Photonic inverse design produces an assortment of nonintuitive designs that can achieve better performance in smaller footprints than their traditionally designed counterparts can. Despite the multitude of possible designs for any particular task, analysis of the designs for a beam splitter reveals how the algorithm produces devices that can actually be classified into different types based on their structure and underlying physical principles. (Credit: Logan Su)

Stanford University researchers created an inverse design codebase called SPINS that can help researchers explore different design methodologies to find fabricable optical and nanophotonic structures.
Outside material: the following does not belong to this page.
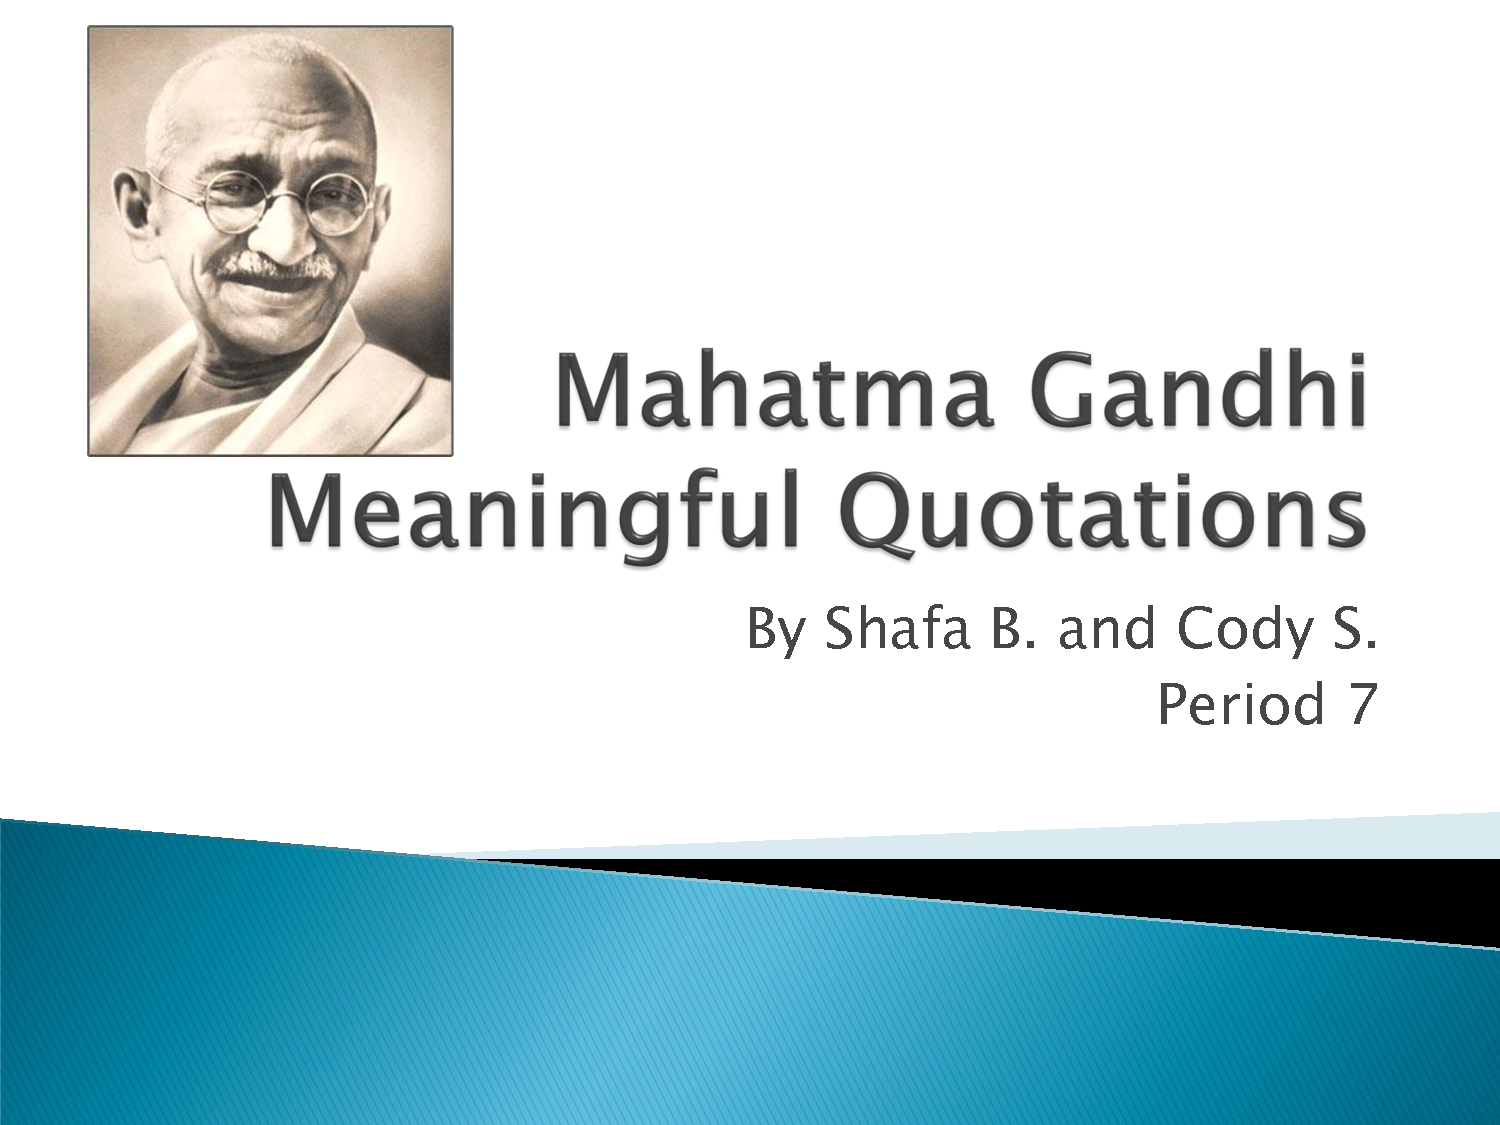 Leadership Quotes By Gandhi. QuotesGram

In the journal Applied Physics Reviews, from AIP Publishing, Logan Su and colleagues review inverse design’s potential for optical and nanophotonic structures, as well as present and explain how to use their own inverse design codebase.

“The idea of inverse design is to use more sophisticated optimization algorithms and automate the search for a structure,” Su explained. “The ultimate goal is to have a designer input their desired performance metrics and simply wait for the algorithm to generate the best possible device.”

Integrated photonics has many potential applications, ranging from optical interconnects to sensing to quantum computing. Inspired by popular machine learning libraries such as TensorFlow and PyTorch, SPINS is a photonic design framework that emphasizes flexibility and reproducible results. SPINS has been used internally by the group to design an assortment of devices, and the group is making it available for other researchers to use.

“The mathematics behind our optimization techniques come from the mathematical optimization community,” Su said. “But we also borrow ideas from the optimization community in mechanical and fluid mechanics, where they use similar optimization methods to design mechanical structures and airfoils before their adoption in photonics.”

Inverse design “automates the design process for optical and photonic elements,” he said. “Traditionally, photonic devices are hand designed, in the sense that a designer first comes up with the basic geometric shape of the structures, such as a circle, and then performs a few parameter sweeps of the radius of the circle to improve device performance.”

This process is labor intensive and tends to ignore a large class of devices with more complicated shapes that have the potential for much better performance. Photonic neural networks also promise faster operation speeds with lower energy requirements compared to electronic hardware, and metasurface optics promise novel optical functionalities that are cheaper and orders of magnitude smaller than their traditional bulky optical elements.